Despite the fact that this event was well flagged, the oil market took another dive on news that international sanctions on Iran have been lifted. Iran is officially ready to swamp an already oversupplied oil market by an average estimate of 100000 barrels per day within a month. CFTC data as of January 12 shows that non-commercial short positions on Brent futures surged by 34% since November, approaching the record high of 80792 contracts as of end of August 2015. The selling pressure on oil remains intact across the curve. A further slide to $25 is not a delusion but with many pundits in a race to predict more dramatic declines and the fact that this oil price demise is firmly in the mainstream media, we cannot rule out a volatile short squeeze higher.

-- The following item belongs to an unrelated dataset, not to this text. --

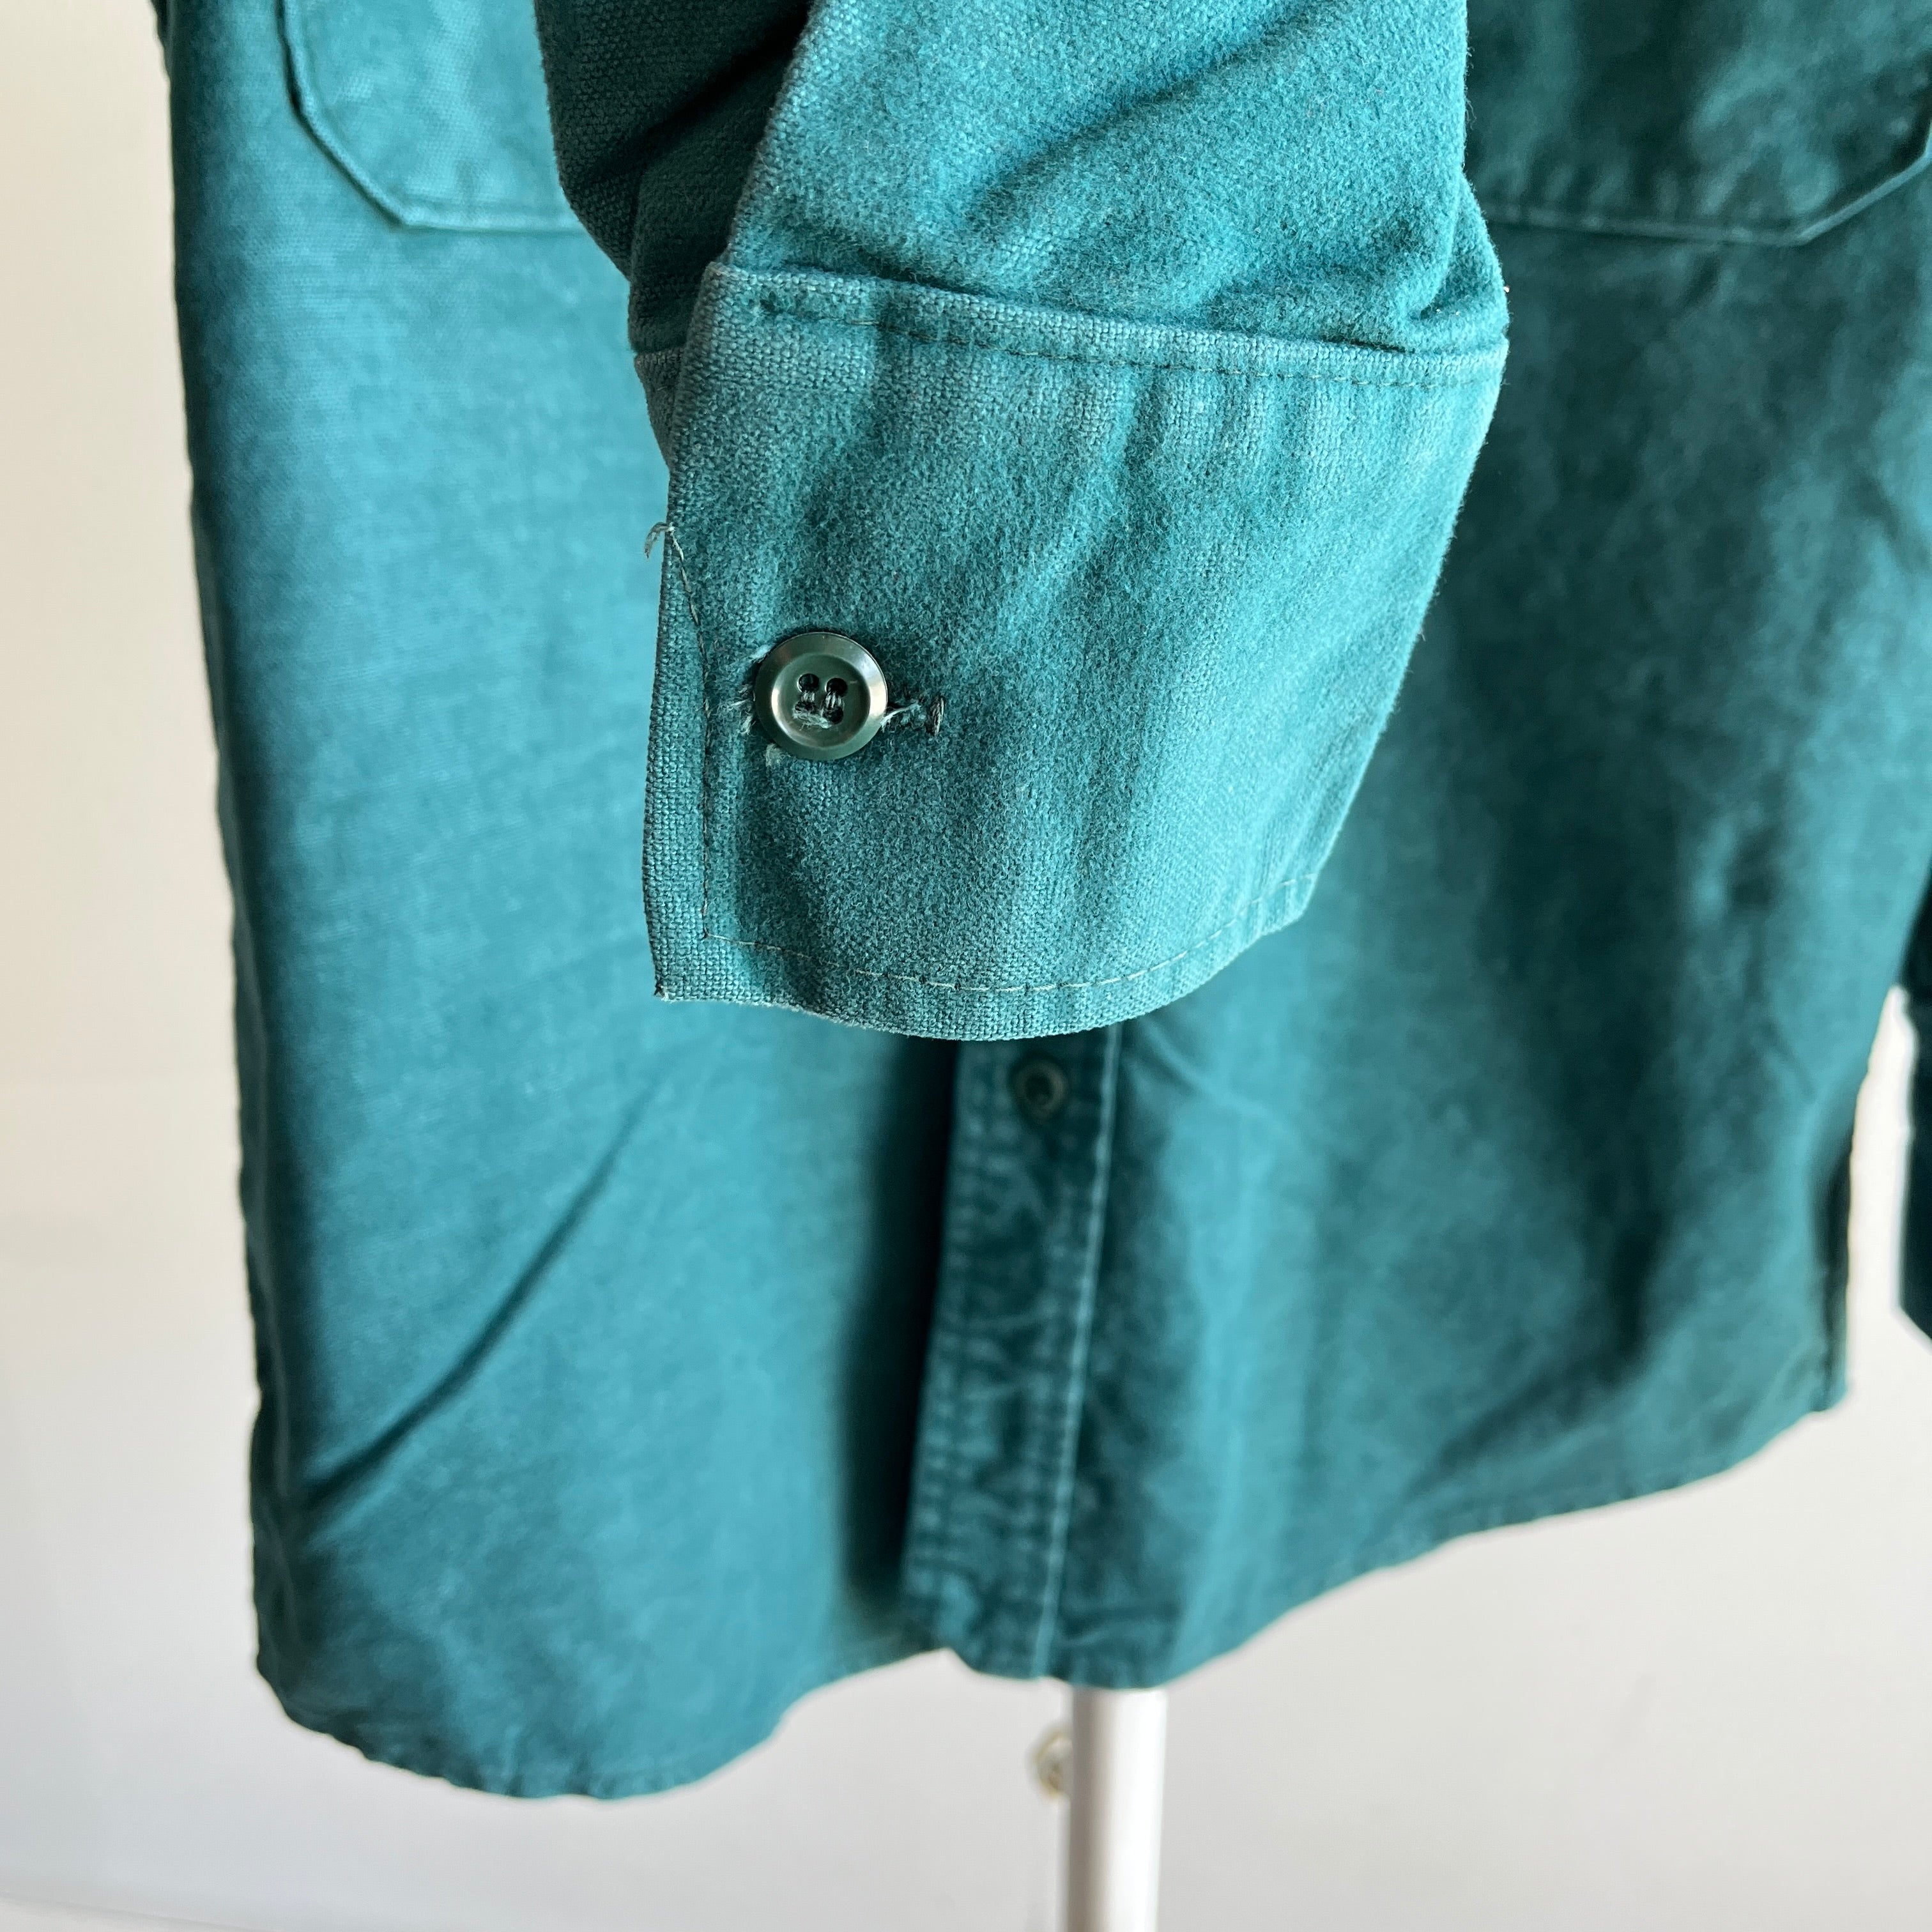 1960/70s Medium Weight Soft Dark Green Cotton Flannel

The FTSE opened Zen despite the early slide in oil prices and the sell-off in Asian equity markets. The UK miners and oil companies are again victims of sharp price moves, both positive and negative. Anglo American opened the week 2% higher yet rapidly shred gains as Fresnillo (-1.52%), Rio Tinto (-1.13%), Randgold (-0.96%) and BHP (-0.94%) occupied the front seats among losers in London.
Investors are expected to sit still before China releases its growth figures in Q4. The consensus is 6.9% on year and appears to be somewhat optimistic if we look to the aggressive shrivelling in Chinese stocks over the past six months. Of course the Chinese economy has not plummeted at a similar speed than Shanghai’s stocks; nevertheless a potentially strong read could only raise the scepticism regarding the accuracy of the official data.

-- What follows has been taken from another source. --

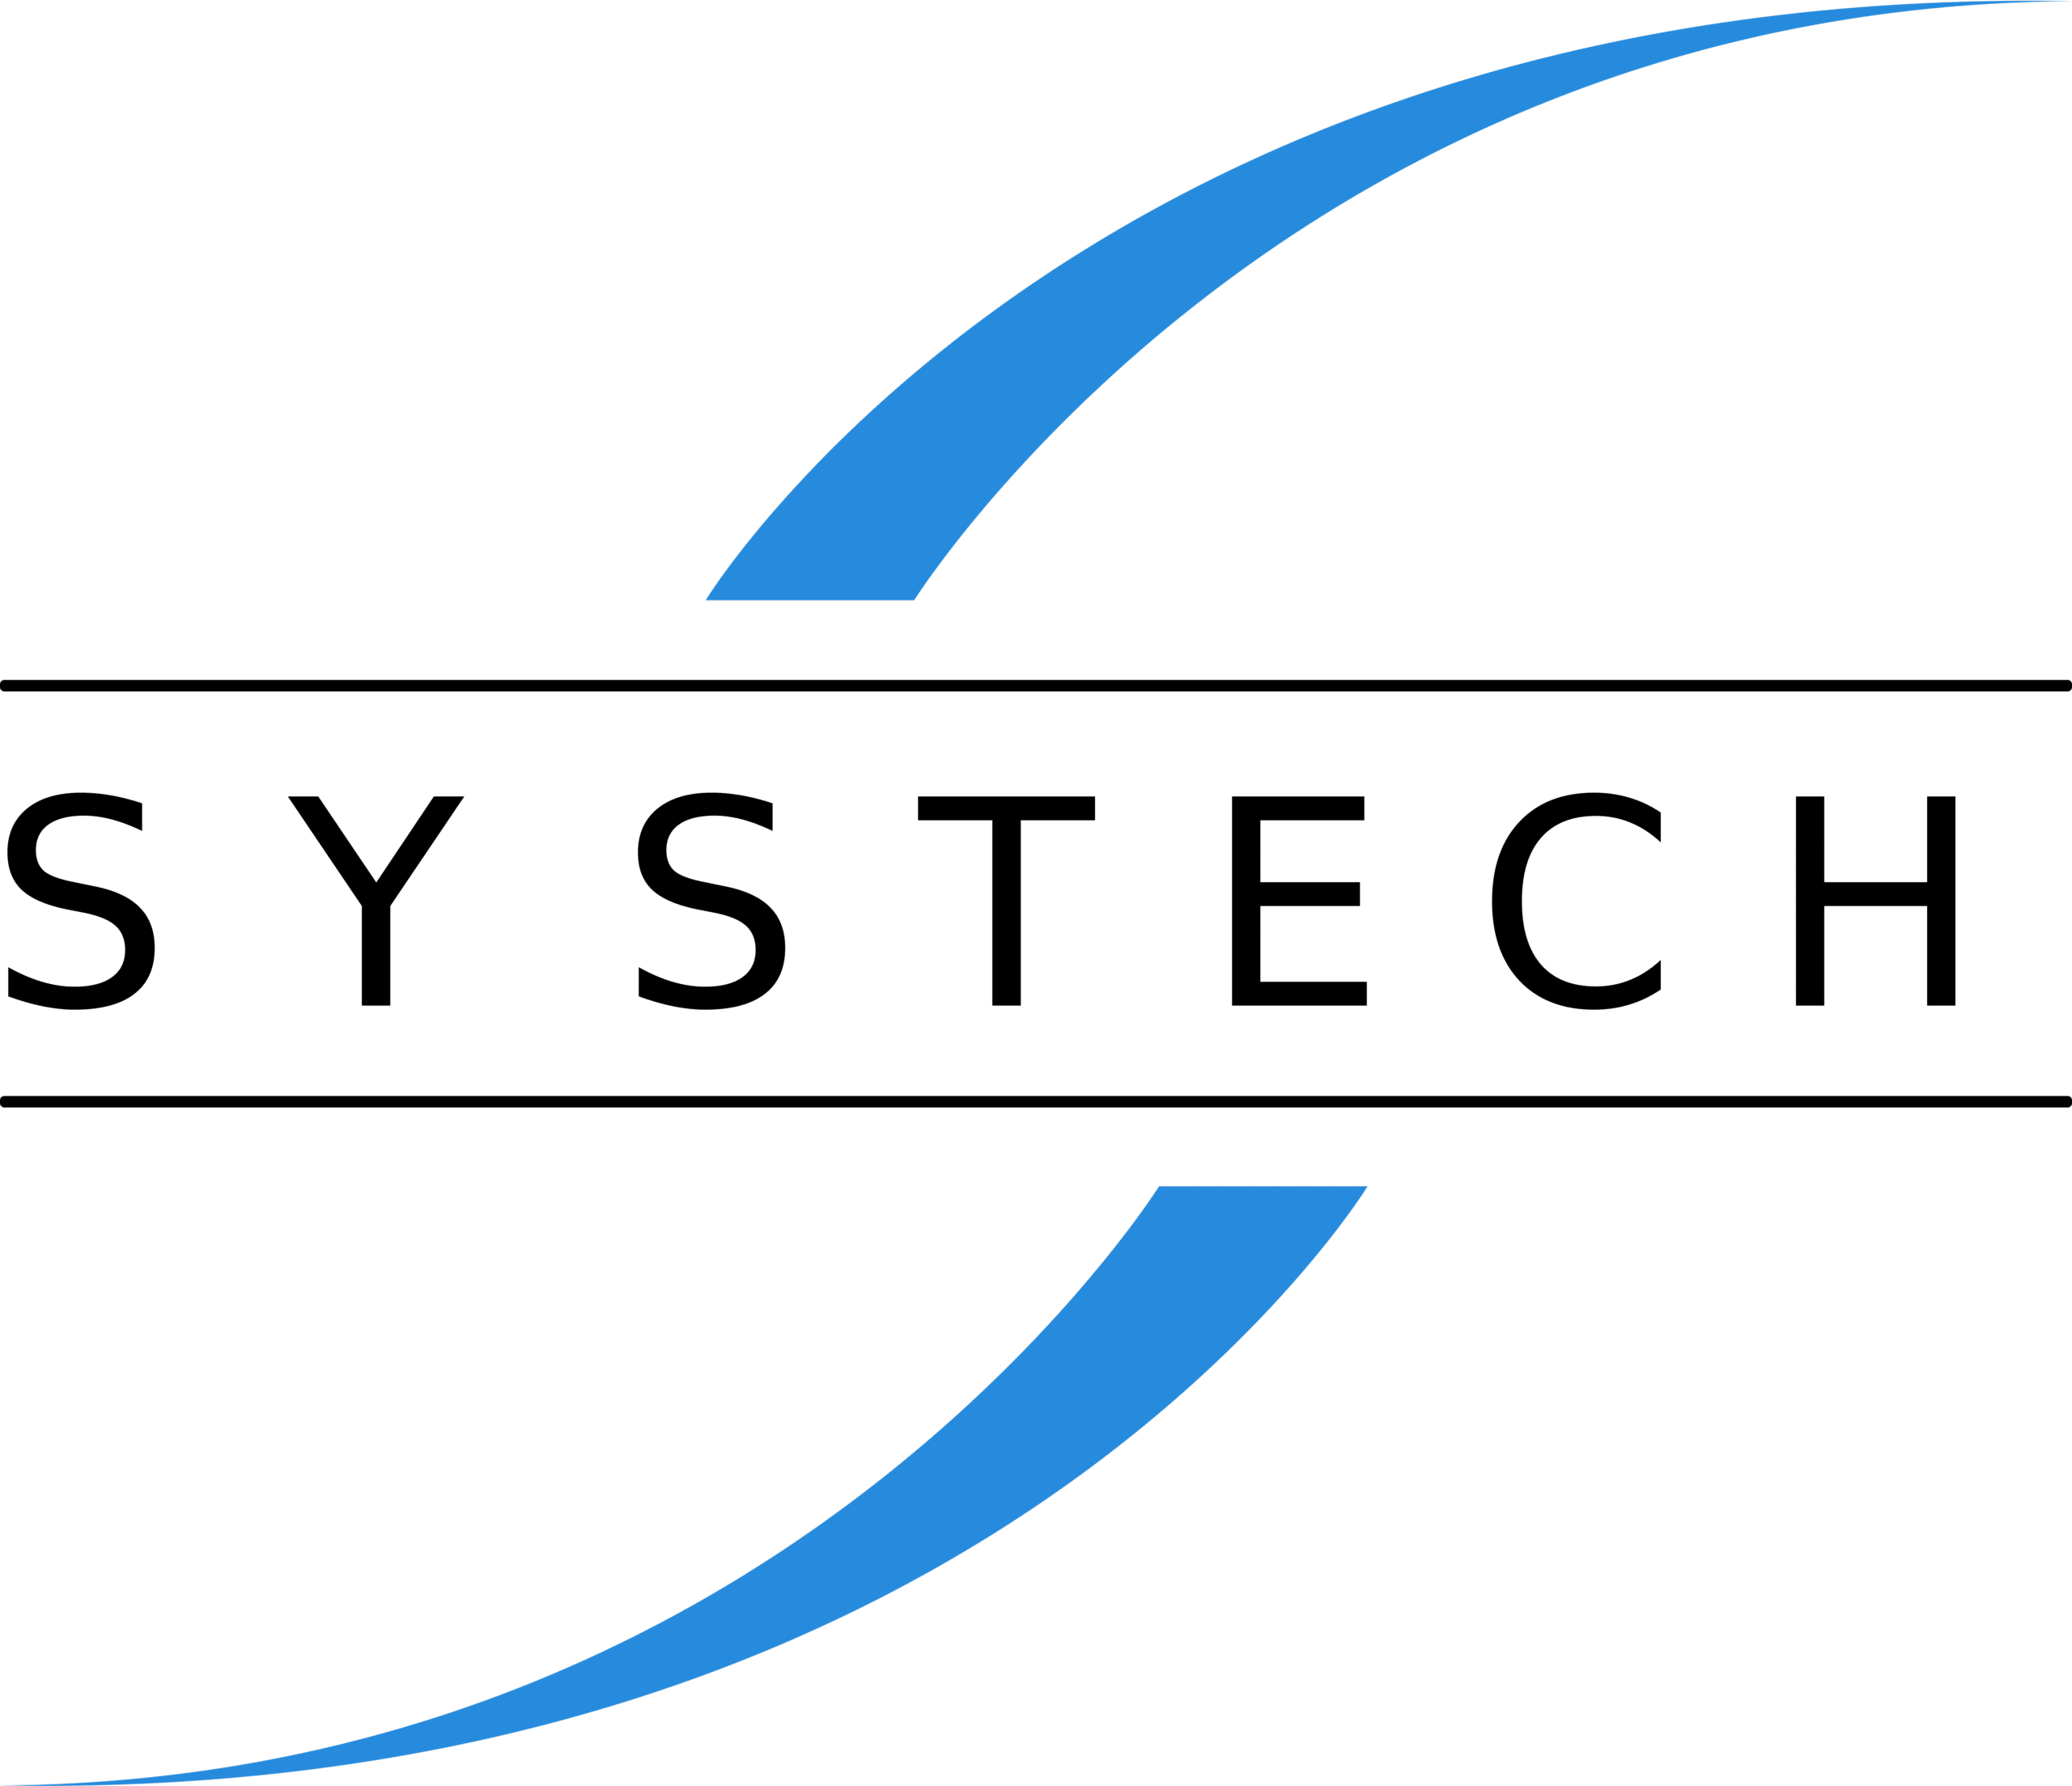 Systech logo editable

In the absence of major economic data due today, discussions on China, oil will certainly keep the headlines busy. The risk-off flows are expected to dominate the session.
The 6000 mark is expected to cap a potential recovery attempt. Pound depreciation against the euro and the US dollar is good but certainly not enough to drive the UK industrials into the bull market this Monday.
Surpassing the 0.75 mark, the euro-pound is considered in the mid-term bullish consolidation zone. Dovish BoE expectations and the Brexit risks appear to be supportive of the euro. From a technical perspective, the 0.7425 (major 38.2% on November-January rise) should be the base for a further recovery to 0.7875. At this level, the euro would have recovered half of losses accumulated over the past year.